MSO-PCR products were analyzed visually for the presence of bands regardless of size, and DNA was purified using the QIAquick PCR product purification kit (Qiagen) and quantified using a Qubit fluorometer (Life Technologies). Purified PCR products from samples with 10 unique barcodes were pooled together in equal quantities to generate a single “index sample,” and library preparation was performed using the TruSeq DNA library preparation kit (version 2; Illumina), according to the manufacturer's instructions. Sequencing was performed with a MiSeq sequencer (Illumina), using 2 by 150-bp sequencing. The paired-end reads obtained from the sequencing run were demultiplexed for Illumina indexes with MiSeq reporter software, followed by quality filtering and demultiplexing for in-house indexes using the FASTX toolkit (http://hannonlab.cshl.edu/fastx_toolkit). Amplicons were aligned with reference sequences mentioned in the articles describing the original primers (11, 14) and with atypical and typical pneumococcal lytA gene sequences (GenBank accession numbers AJ419979.1 and AJ243407.1, respectively).
Confirmation of discrepant results between culture-based and target-based NGS methods.

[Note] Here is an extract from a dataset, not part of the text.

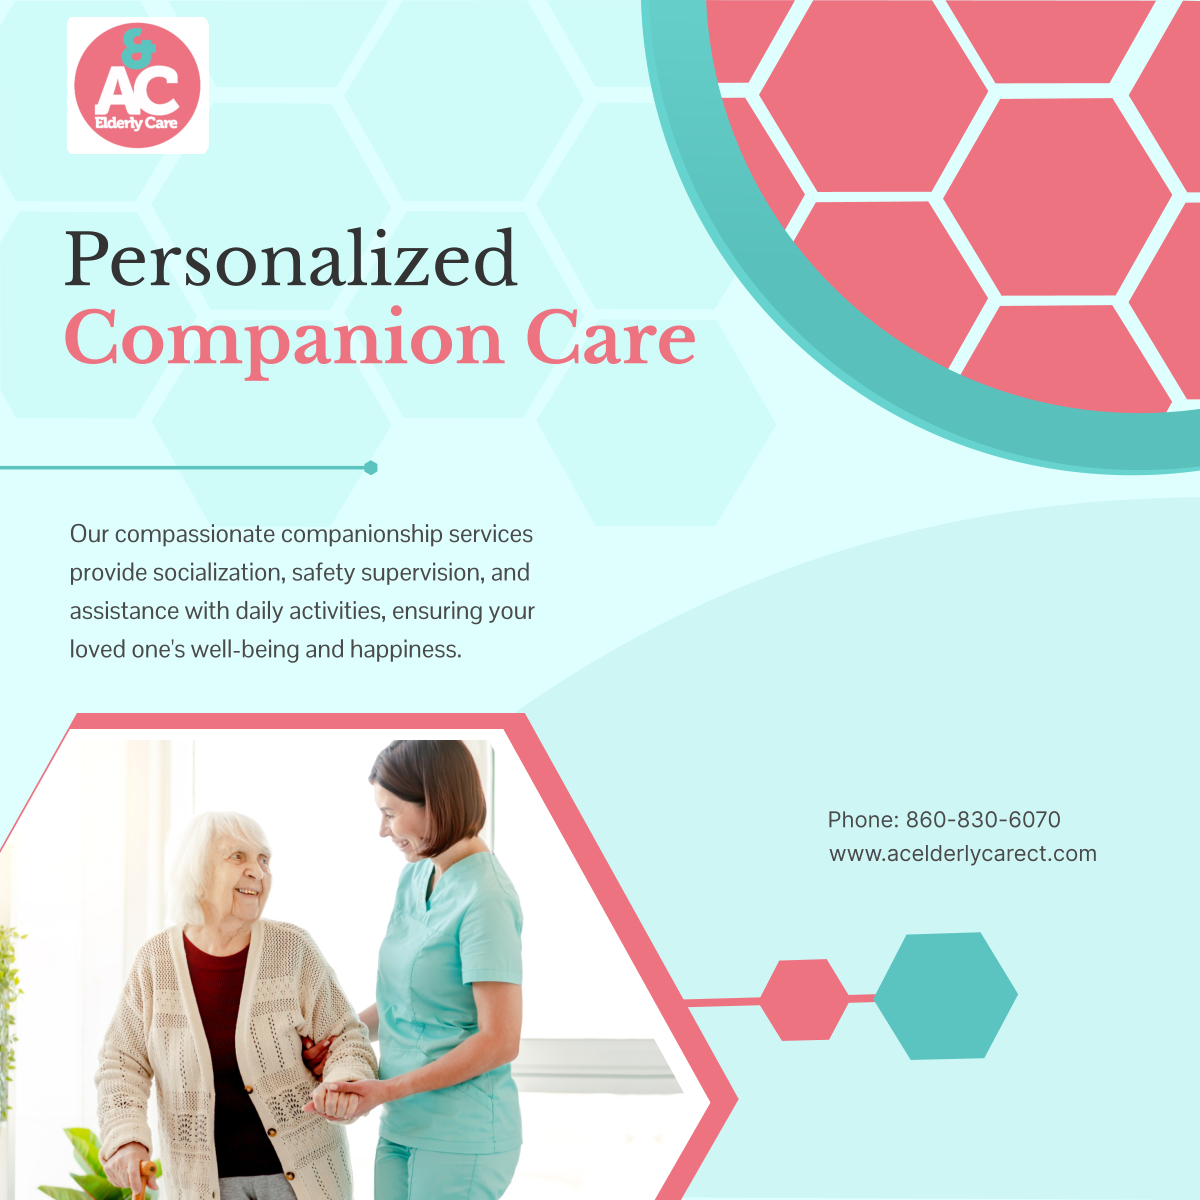 Give your loved one the gift of companionship and support. Learn more about our personalized companion care services today! 

#EastHartfordCT #HomeCare #CompanionCare

For samples for which there were discrepancies in S. pneumoniae isolation or multiple serotypes were detected with the NGS method and not culture, the specimens were recultured using a 50-μl inoculum, and up to 20 to 50 colonies were picked for confirmation of the pneumococcal identities and serotyping by conventional methods. Additionally, the original DNA samples were tested with the CDC-recommended PCR, with a second round in which the product of the first round was used as a template.
Interpretation of results.
In the previous study for detection of 23-valent serotypes, we evaluated different criteria with variable stringency to correctly assign serotypes. We found that identification of a serotype for which >500 reads were mapped against the given serotype, accounting for >15% of reads mapped against serotype sequences, was a stringent criterion with 100% correct prediction of serotypes (8). Thus, the same criterion was used in this study. For the identification of S. pneumoniae in samples containing S. pneumoniae with a mixture of viridians streptococci, the percentage of reads mapped against the pneumococcus-specific lytA gene was identified as >10% of the total mapped reads for the given sample. Thus, in the validation using clinical samples versus pneumococcal isolates, only samples for which >10% of total reads were mapped against the typical lytA gene and >500 reads were mapped against serotype sequences were considered to contain pneumococci.
RESULTS
Target enrichment-based NGS detection and prediction of pneumococcal serotypes.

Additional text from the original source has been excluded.